At first, the camp was only for a few families staying in the Main House (aka the White House), but over time it evolved into a fully-fledged and well-known summer camp in the area called "Suits Us Farm."
Over the years, the Rabeler family converted many of the existing farm structures into accommodation and communal spaces, enabling them to host over 300 overnight guests in their peak hey-days. They also built the property's two ponds, the pool, the tennis court, the old playground (sourced from the old one-room schoolhouse further down the road), and the handball court (which is now a mirrored wall). Today a popular Facebook Group exists with people linked to the old Suits Us Farm, whereon they share old stories, photos, and other memorabilia from what many claim were the best days of their lives.
During the winter, SUNY Delhi students stayed in the camp rooms as dorms, while the summer camp was closed. The farm became a favorite spot for young people and many stories still circulate today, including how young men during the night would traverse the woods to try and secretly visit the college girls who lived in the big barn (now known as the Blue Barn).
The Rabeler family ran the camp until 2005 when they retired and they decided to sell the farm. It was procured by a retreat center called the Point Horizon Institute, which leased and later sold the farm in 2010 to a new girl's camp called "Camp Move It". The camp coordinators painted the buildings in some wild colors - recognizable for many in the area - with the camp itself only lasting for two summers before closing and putting the property up for sale again in 2011.
The property then sat on the market for years until it was bought at an auction in 2016 by a private owner and NYC real estate developer for a fraction of its original listed price. At this time, the farm was in disarray, with heavily overgrown fields, buildings that had been squatted in, roofs fallen in, several water leaks and black mold. The new owner renovated the Main House and some of the Carriage House (aka the Pink Carriage House or Pink Barn). He later sold the property in 2021 to the current rental property business, who leases the property to the School.

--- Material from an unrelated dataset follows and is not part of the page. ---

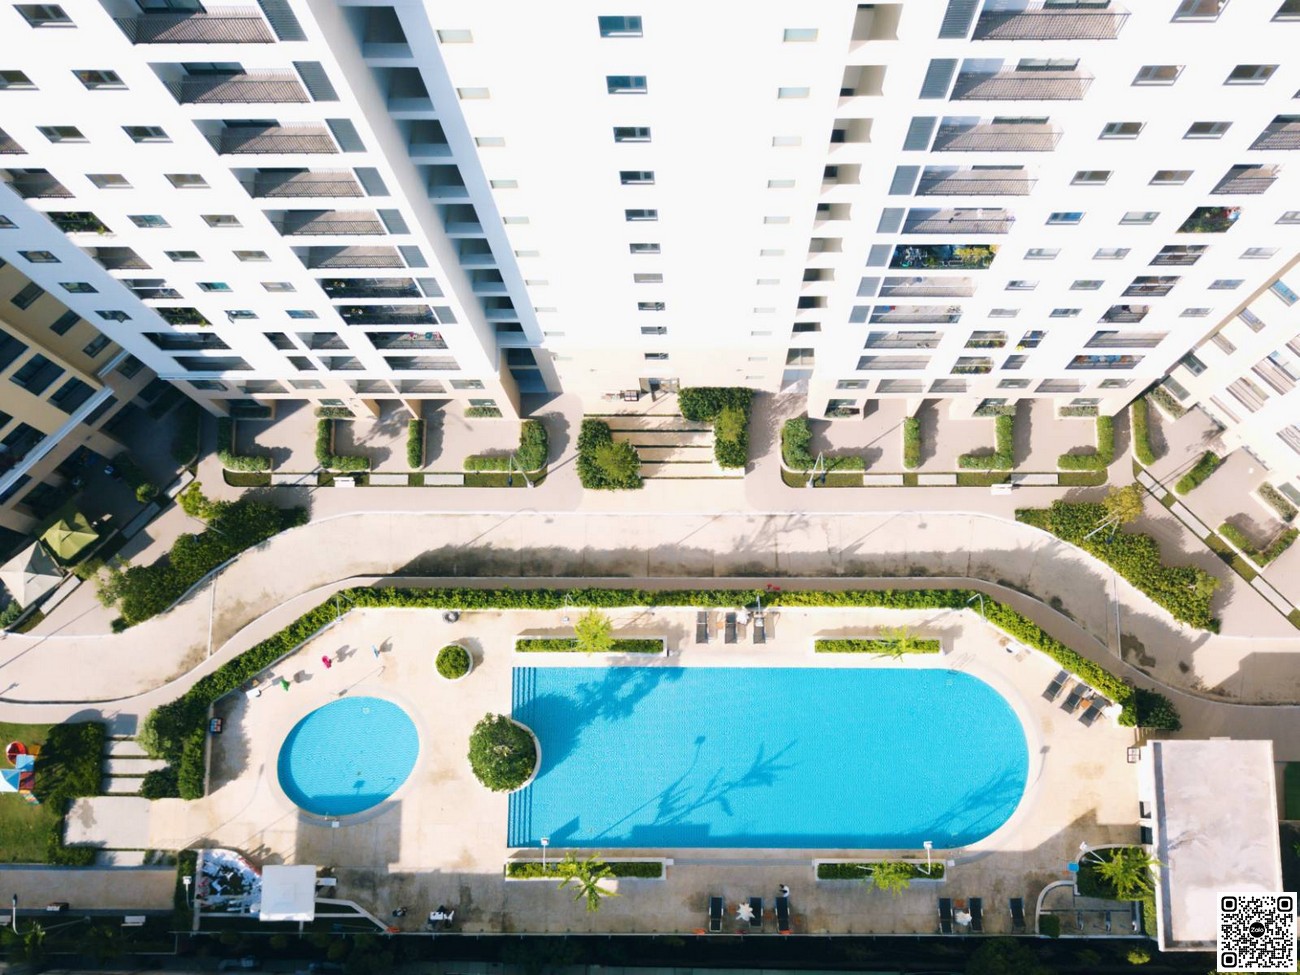 Tiện ích hồ bơi chuẩn tại dự án căn hộ chung cư Centum Wealth Thủ Đức.

The original farm had over 400-450 acres of land, of which 350-400 acres were later sold to New York City and turned into public land, leaving only 50 acres remaining, when the current owners took over. The only neighbor to the school now, other than NYC public land, is the farm to the left when looking at the property from Route 5 (aka "Pink Street"). It was once a Miller family farm too (a brother to the other Miller), and has been privately owned for decades as a second home by the owners.
A fascinating remnant from the Miller era is the ice pond, which was used to cut out ice chunks for food and dairy cool storage The original wall structure that dammed the water in the brook - and which created the pond - still stands. You can see it by walking along the back brook past the animal shed and machine barn.